The staff of the Slavic Reference Service has striven to make this a comprehensive guide to all things Chekhov. The Chekhov's Works tab, obviously, deals with print and online bibliographies of all the many editions and translations of Chekhov's short stories, plays and other writings, as well as describing websites where the full text of Chekhov's works can be accessed.
The Chekhov Criticism tab provides a number of options for reviewing and searching the literature on Chekhov's works, whether (depending on the source) penned by contemporary scholars, by Chekhov's own contemporaries, or anywhere in between. Some of these can be quite specific and detailed, as with T. V. Osharova's bibliography of Soviet literary criticism written on the occasion of the centenary of Chekhov's birth in 1960.
Under Chekhov's Life & Times, researchers can find descriptions of a number of sources useful for exploring Chekhov's biography, including information on his family, friends and associates, their writings, Chekhov's voluminous correspondence with these important influences on his life and works, and even a day-by-day chronology of every event of any significance to Anton Pavlovich.
The proliferation of academic portals, digital libraries, literary societies, journal depositories, and open source databases are a boon to researchers. The Chekhov on the Web tab offers a snapshot of online resources available to researchers. For example, The Fundamental Digital Library of Russian Literature and Folklore's comprehensive guide to A. P. Chekhov [http://www.feb-web.ru/feb/chekhov/default.asp], the North American Chekhov Society, and the Russian Commission on Chekhov.
The Search Strategies tab delves into (among others) the mysteries of Чехов vs. Chekhov vs. Čechov vs. Čehov vs. Tchekhov vs. Tschechow vs. Tchekoff (etc.), and how competing systems of transliteration affect access to and discoverability of print and online materials.
The Archival Sources tab provides a helpful overview of archival sources for A. P. Chekhov and an annotated directory of major archives in Russia.
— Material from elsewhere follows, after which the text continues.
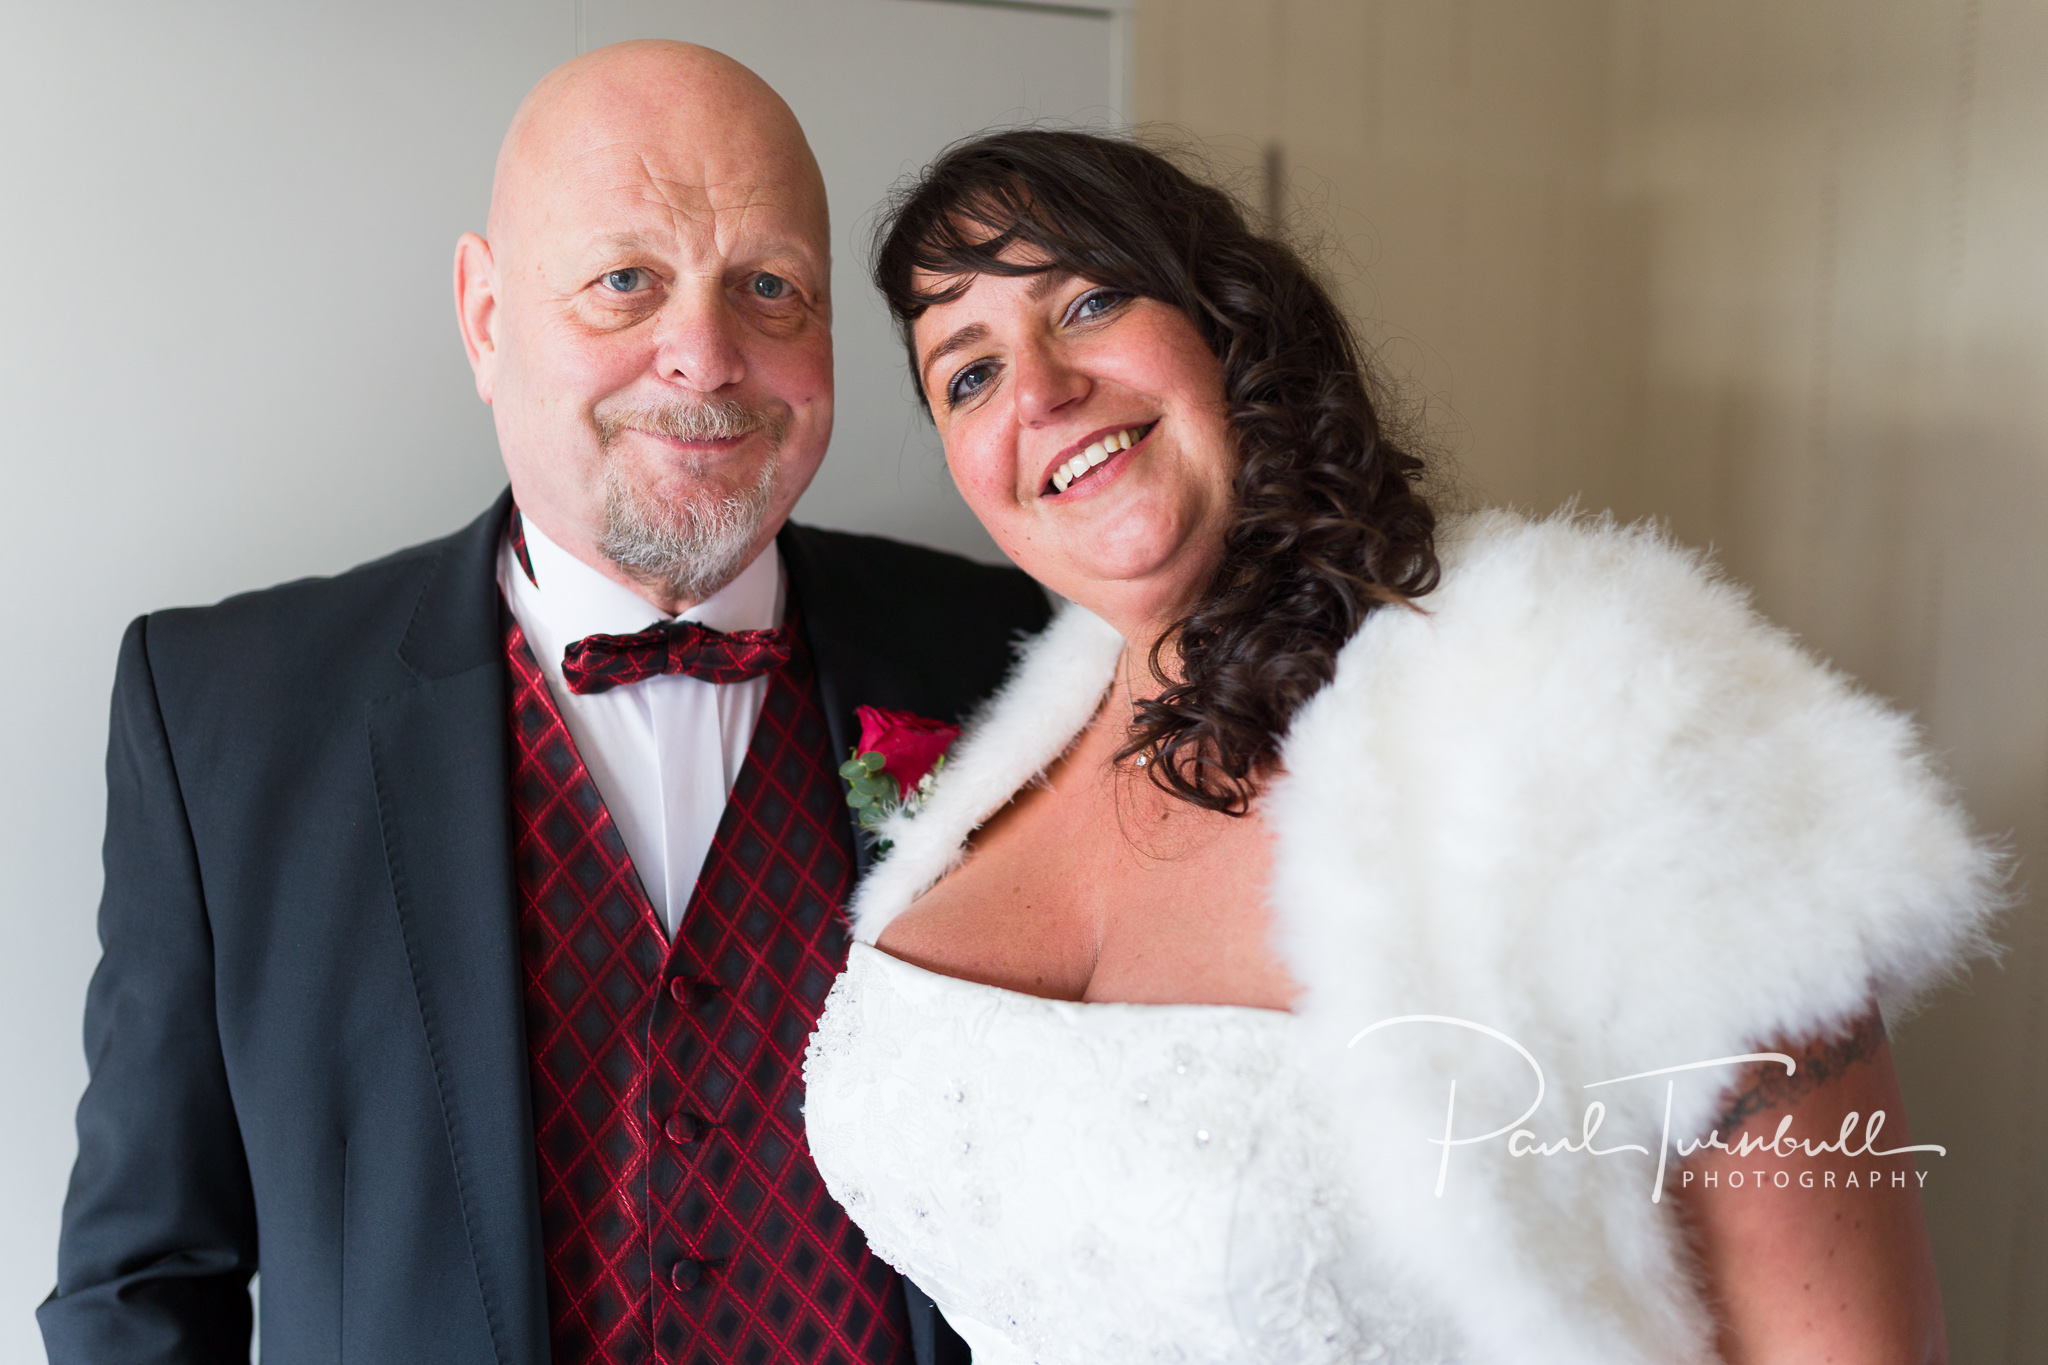 wedding-photographer-leeds-town-hall-005.jpg

Researchers can explore print and online sources, which provide content and depository information for onsite research and duplication requests.
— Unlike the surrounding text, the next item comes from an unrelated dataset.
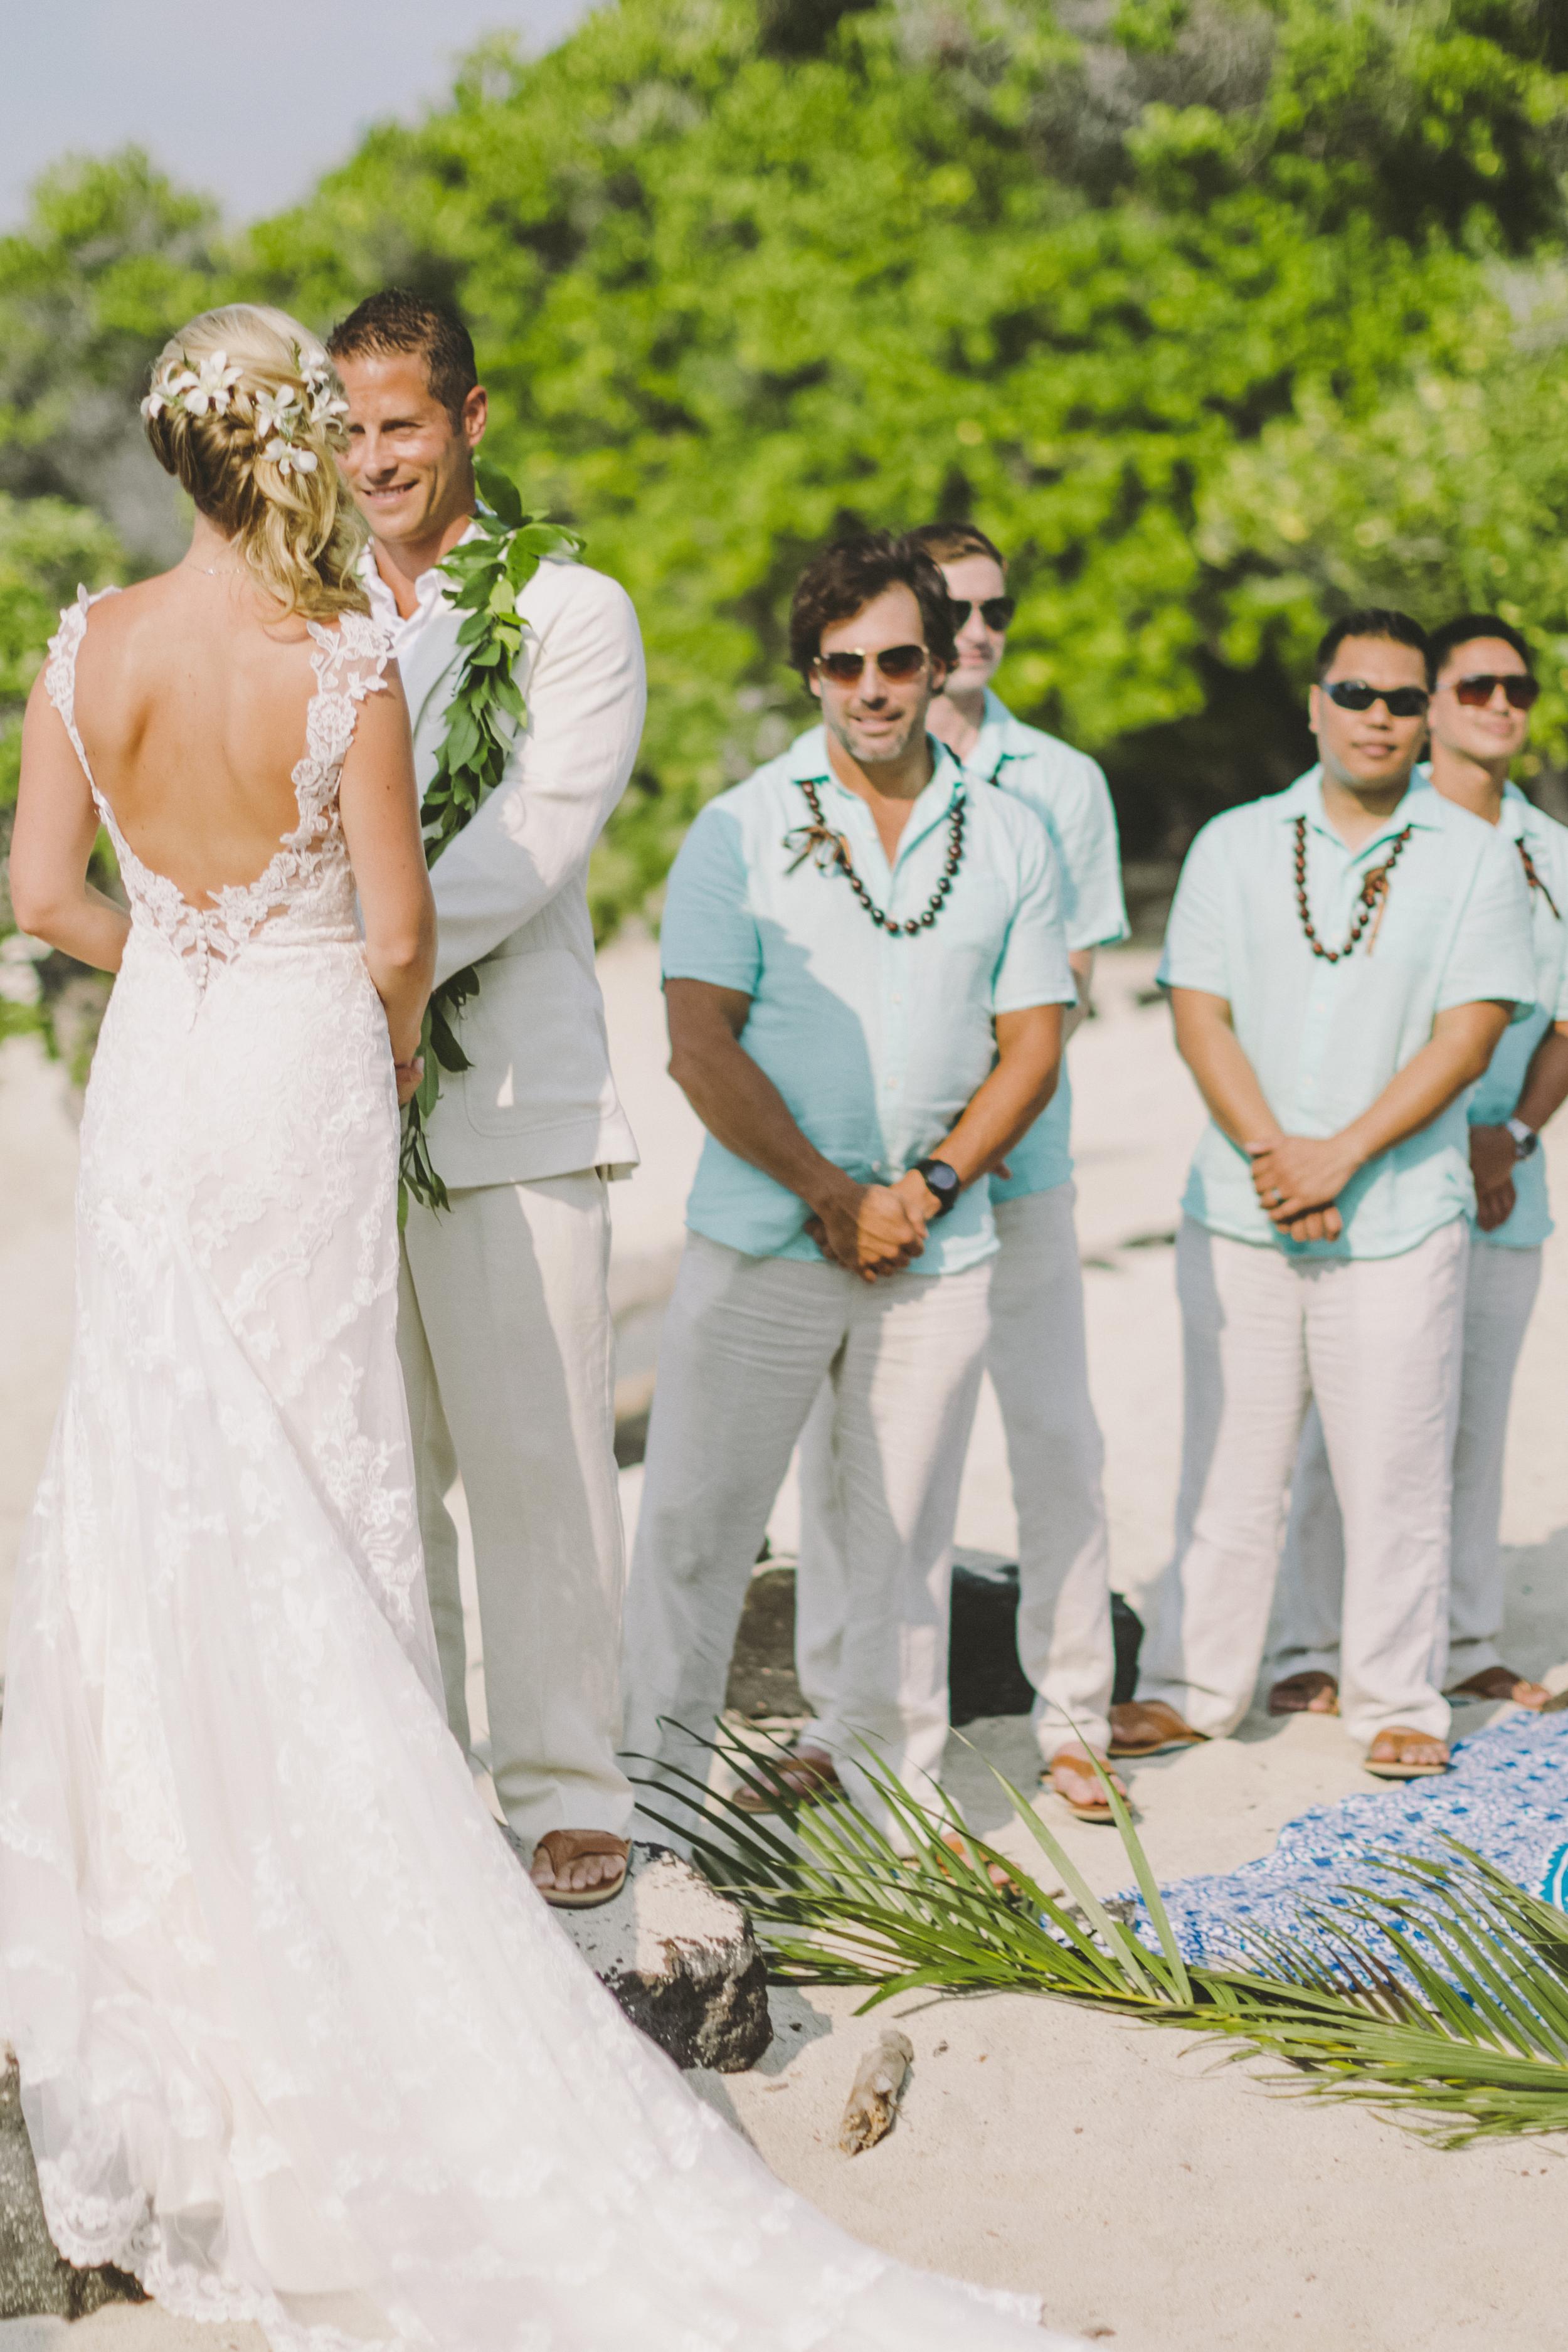 angie-diaz-photography-hawaii-wedding-photographer-kelli-jay-68.jpg

And finally, since A. P. Chekhov and his works had a profound influence on the performing arts, the Chekhov on Stage & Screen tab guides the researcher through various productions of Chekhov's plays, film adaptations, and authoritative sources for researching Chekhov on stage and screen.
Over a century after his untimely death, and by a variety of measures (including the wealth of resources described in this guide), Anton Pavlovich Chekhov (1860-1904) remains one of the most compelling figures in world literature, and occupies a special place in the pantheon of great Russian writers. As is the case with Dostoevsky, Tolstoy and others, if anything the Chekhov scholar faces a problem of too much information, too many commentaries and too many versions of his works, both in the original Russian and in other languages.
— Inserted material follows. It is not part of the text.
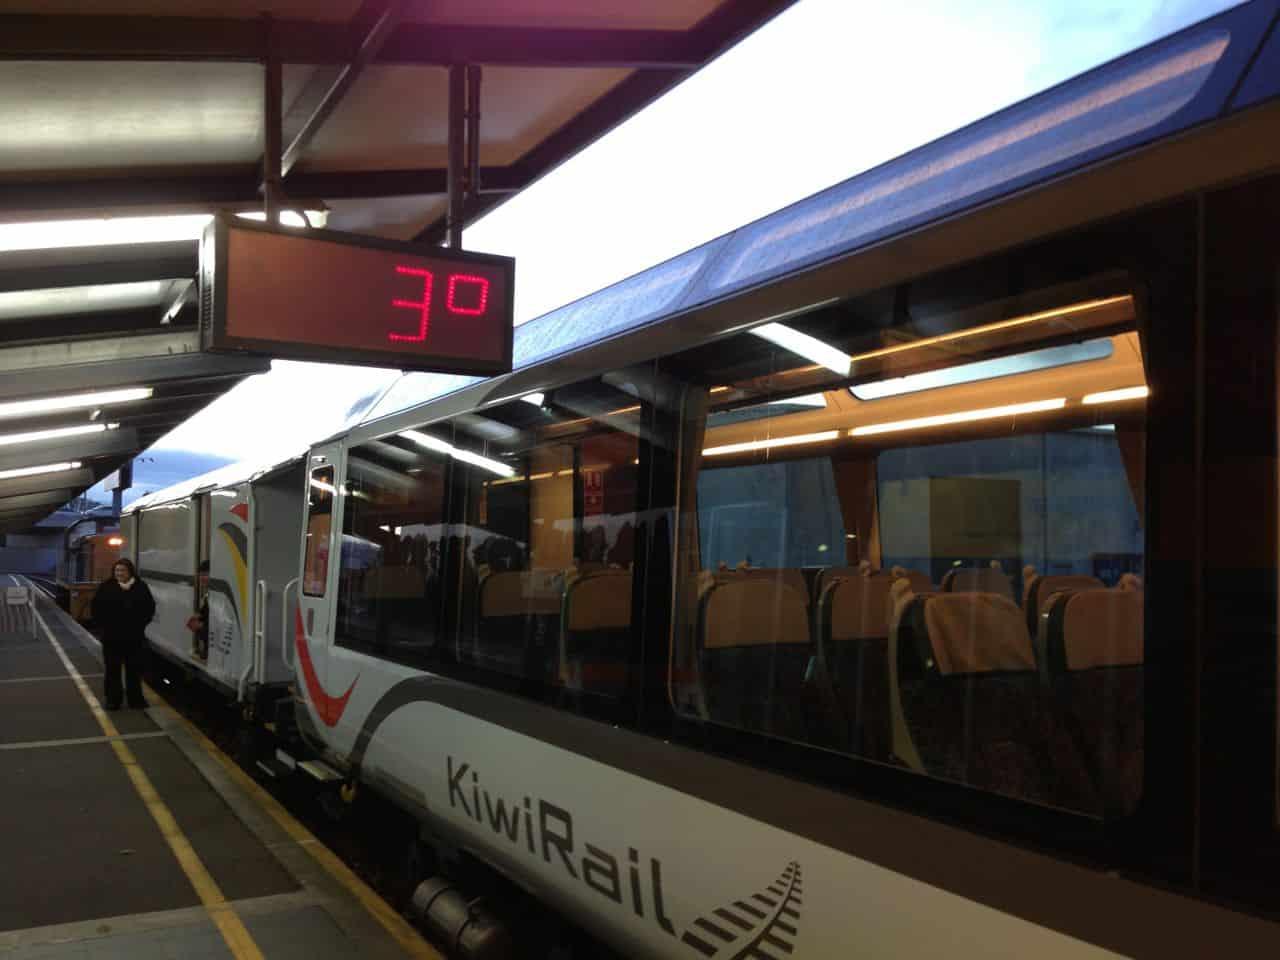 TranzAlpine togrejse - Christchurch til Greymouth

As an example of the types of problems this guide is intended to help with, we might consider the problem of sourcing the partial quotation referring to Chekhov as an "incomparable artist" = "несравненный художник". Various versions of the complete quotation, attributed to Leo Tolstoy ("Chekhov is an incomparable artist, an artist of life. And the merit of his creative work is that he is understood and accepted not only by every Russian, but by all humanity"), appear all over the Web and in printed texts in English, Russian and other languages, but a source for the quotation is seldom provided. (Even the work from which the above translation is taken -- page 127 of Ernest Simmons' Introduction to Tolstoy's Writings [Chicago, 1968 -- UIUC call numbers 891.73 T58 DS59 and PG3410.S5 1968] -- does not provide a source.)
One Russian-language online resource makes a vague reference to what turns out to be K. Lomunov's Dramaturgiia L. N. Tolstogo (Moskva, 1956 -- UIUC call number 891.73 T58 DL832d), which does turn out to include a slightly different version of the quotation, and, happily, cites its source: page 226 of the 1911 publication Tolstoi i ego sovremenniki, by the prolific Tolstoy biographer Petr Sergeenko.
However if one wants to verify this citation de visu in the Sergeenko work, one may come to a conclusion when searching for it in Worldcat that it is a rare item. Actually, it is quite widely held, including the UIUC library (Call no. 891.73 T58BS48t). However, what is important to know is that in cataloging this work the pre-revolutionary spelling of Sergeenko’s name was used, giving Sergieenko. This is an example of knowledge of bibliographic detail that may make or break a research project. This guide hopes to assist the Chekhov scholar with at least a few of such idiosyncrasies.